Liar, Liar Pants On Fire & Tattoo Girl
So finally after six months of being without a care provider for Hayden, we found one. After fits-and-starts with Care Provider Agency #2 (after Care Provider Agency #1 provided nothing and no one since the end of July), they brought someone by for me to meet. I should say right now (in beautifully crystal-clear, living-technicolor hindsight) I can now see and almost feel in the pit of my stomach, the fact that I did NOT listen to my instincts. Oh, they were talking to me all right but I was just so desperate for help with Hayden that I pushed aside those pesky feelings of doubt and forged ahead in my trademark, confident-despite-facts-to-the-contrary sort of way.

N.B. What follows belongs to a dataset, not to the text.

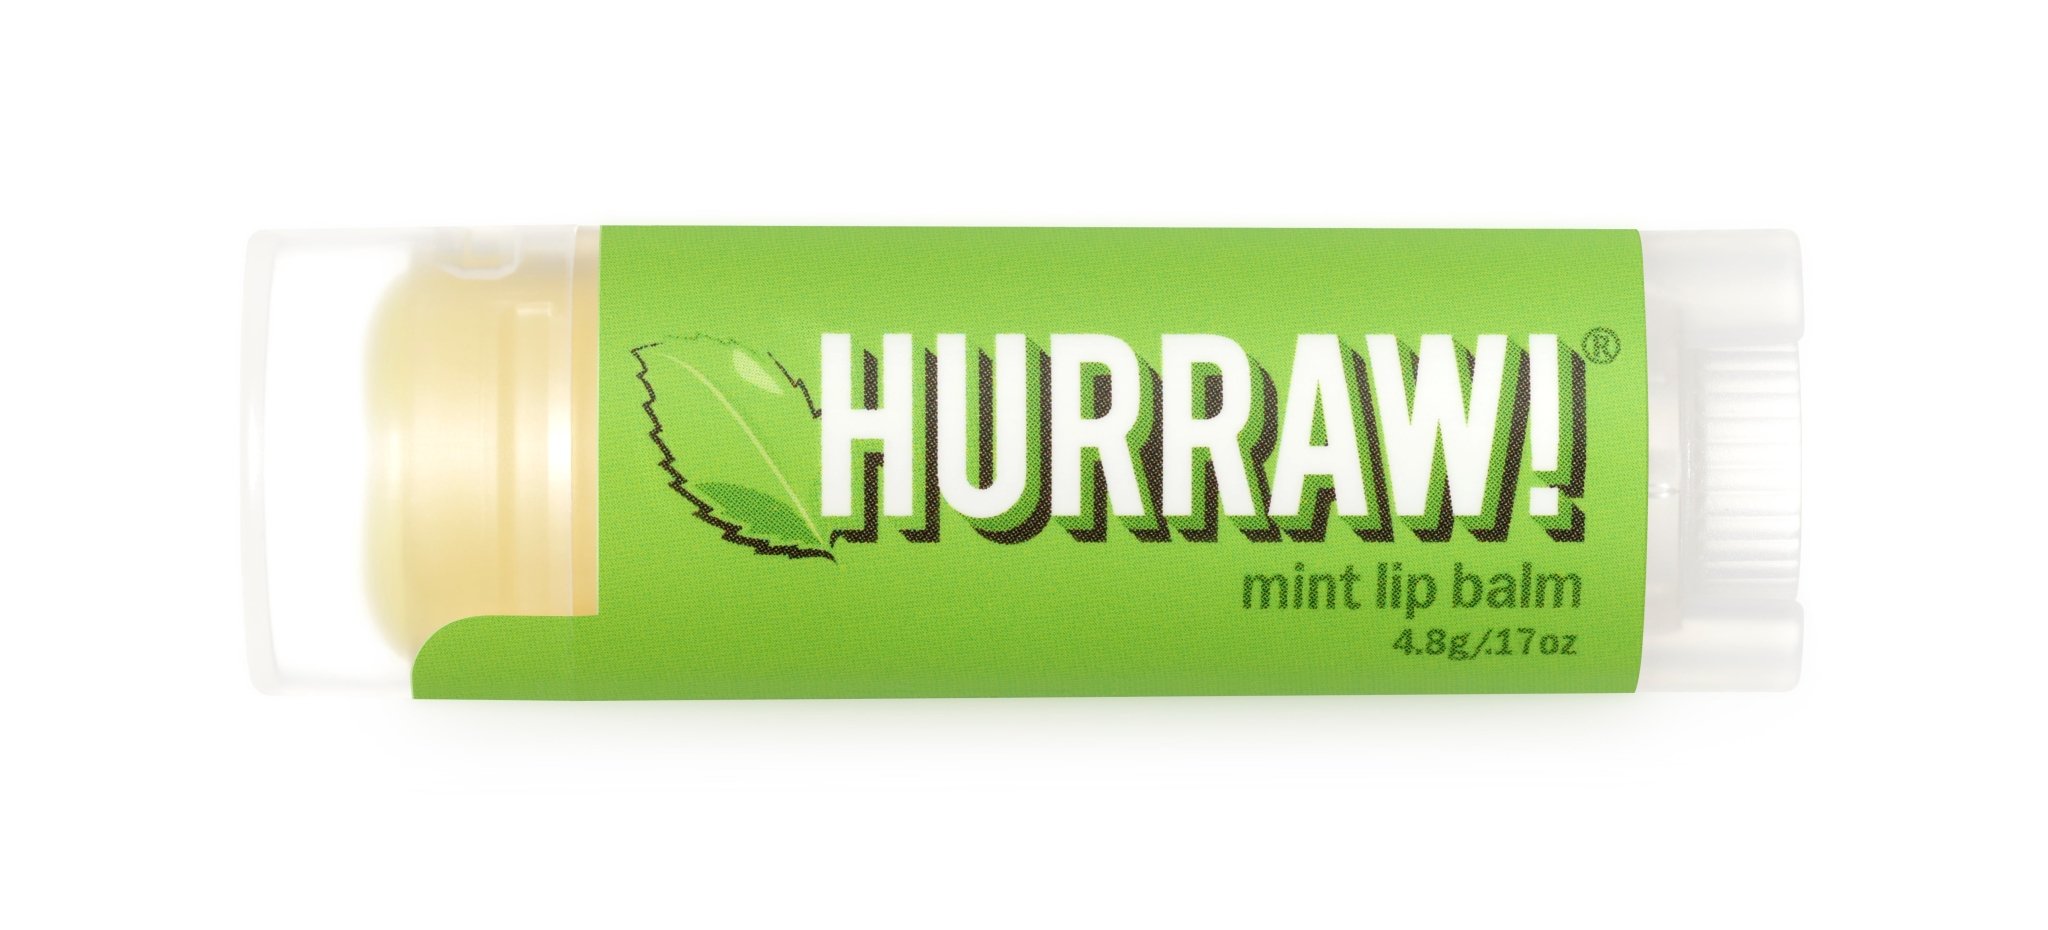 Mint Lip Balm - Guanako.Beauty

My first clue that candidate #1 (who later earned the moniker “Liar, Liar Pants on Fire”) was not “the one” was when the case manager from Care Givers R’ Us had to ask if I could go get Hayden so “Angela” could meet her (by the this time in the interview it would have been a timely, if not expected request on the part of the candidate who was in my living room, presumably to interview for a job). So I retrieved Hayden from his lair where he was snuggling with his Dad (namely the guest bedroom that we’ve called “home” since coming up to my beautiful homestate for a visit nearly two years ago) and presented him to the candidate. Looking back I can now characterize her introduction to Hayden as rather stiff and aloof. Then I just thought she was a more reserved and contained person and that she would warm up after she got to know us all a little better (afterall, I told mysel, not everyone on the planet walks into a room and starts talking up a storm like me….thank the good Lord).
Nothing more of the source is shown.